[Opening Data extract section]

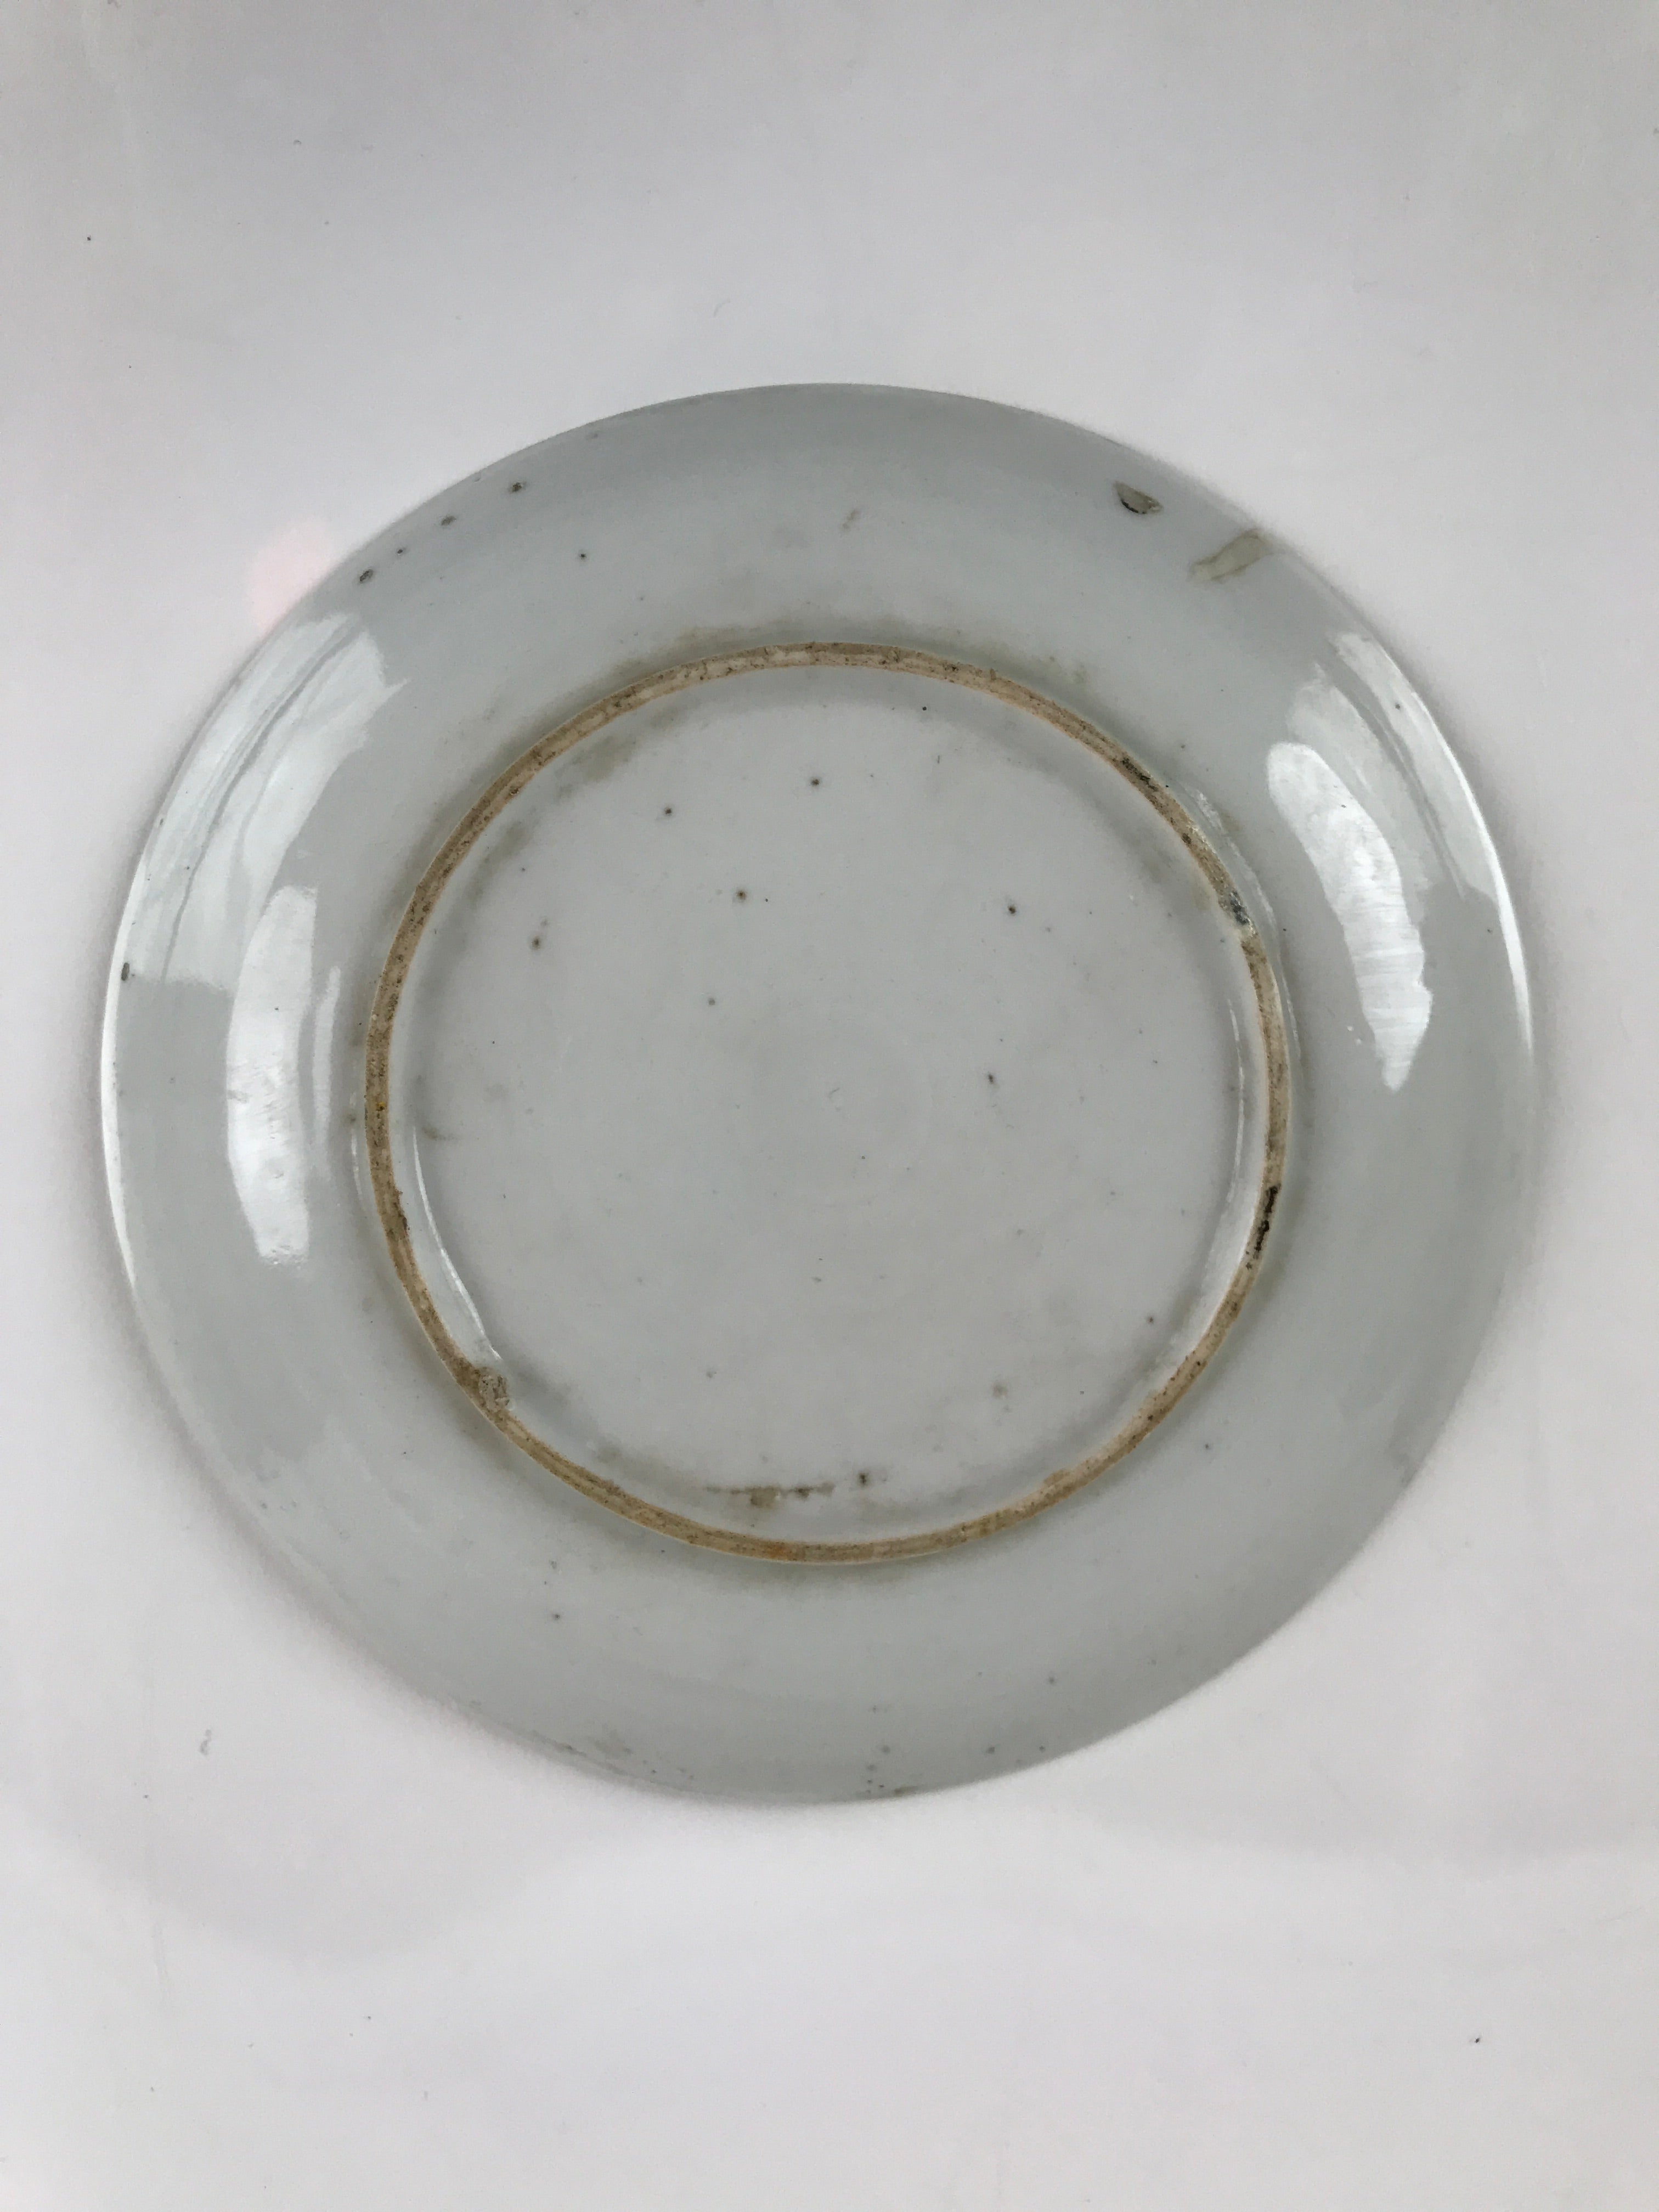 Japanese Porcelain Small Plate Kozara Vtg Plum Blossom Sun Black White PY683
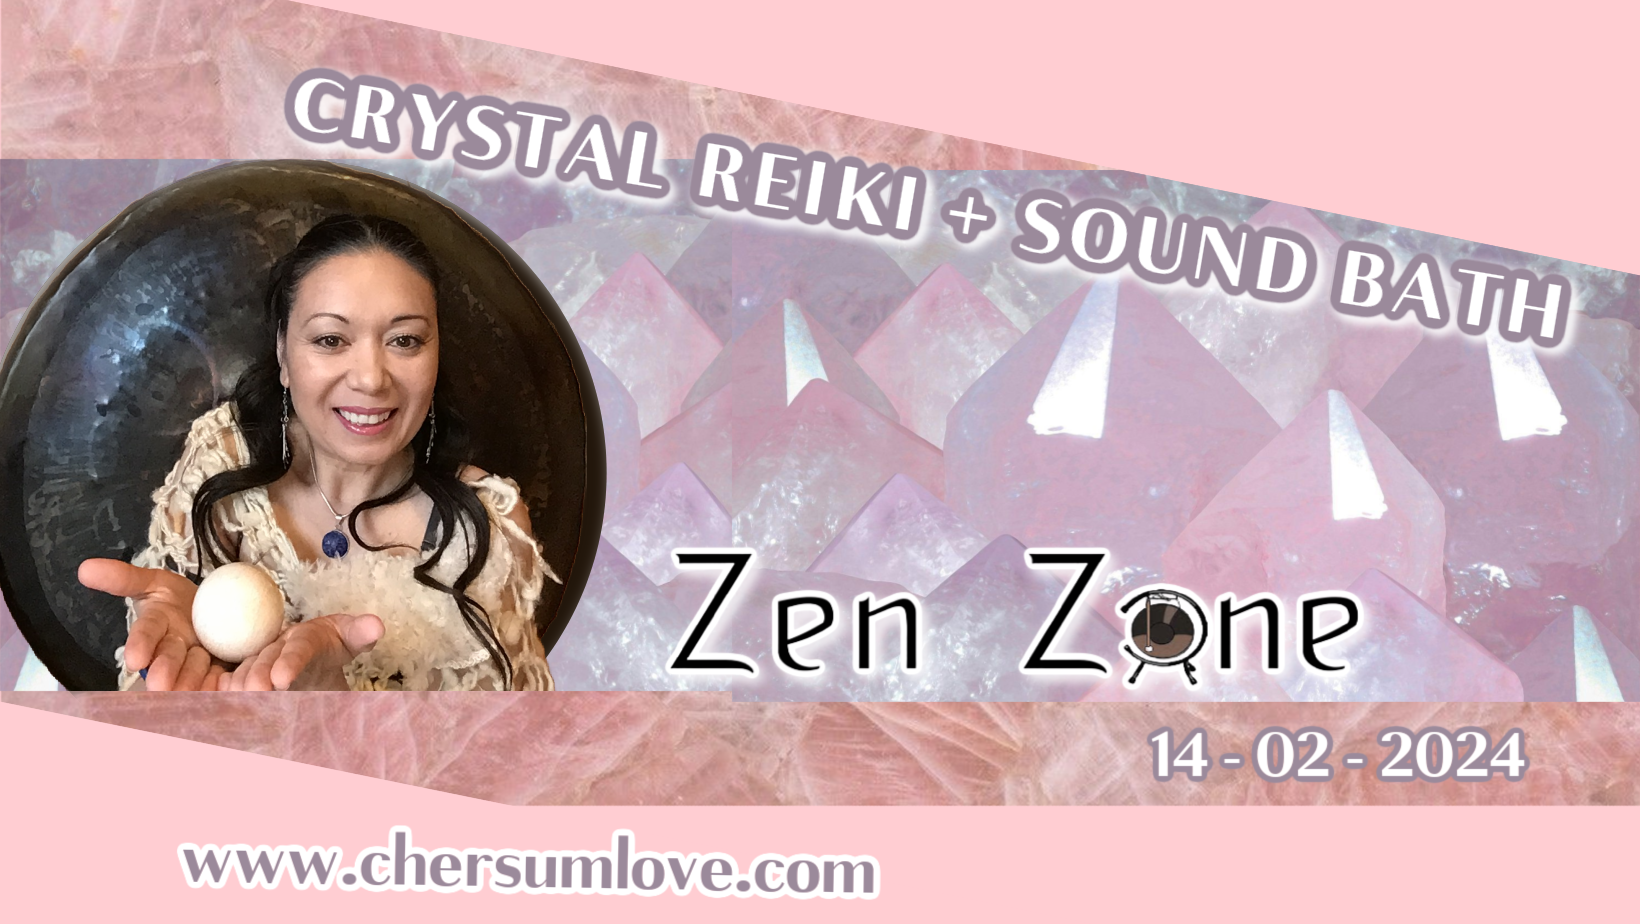 Crystal Reiki + Sound Bath with Cher Sum Love
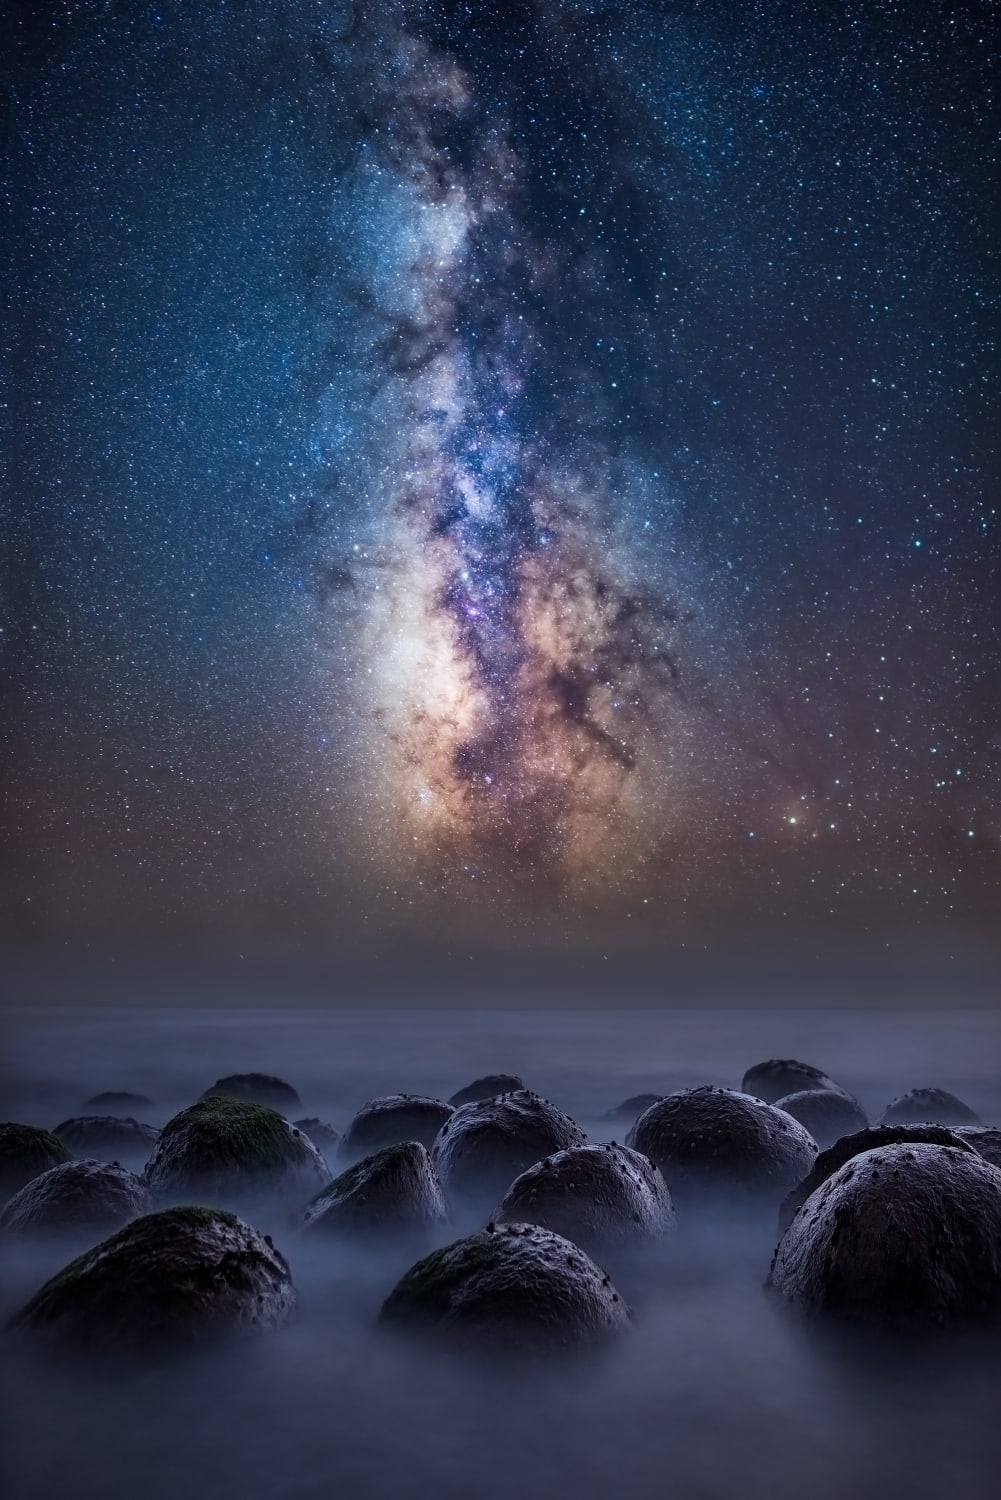 Milky Way rising over "alien eggs" in Northern California

[Closing Data extract section]

### Task description
Exclude all pictures and reproduce verbatim the lines running from the line that contains "Crystal Reiki +" to the end of the data above, both ends included.

### Answer space
 Crystal Reiki + Sound Bath with Cher Sum Love
 Milky Way rising over "alien eggs" in Northern California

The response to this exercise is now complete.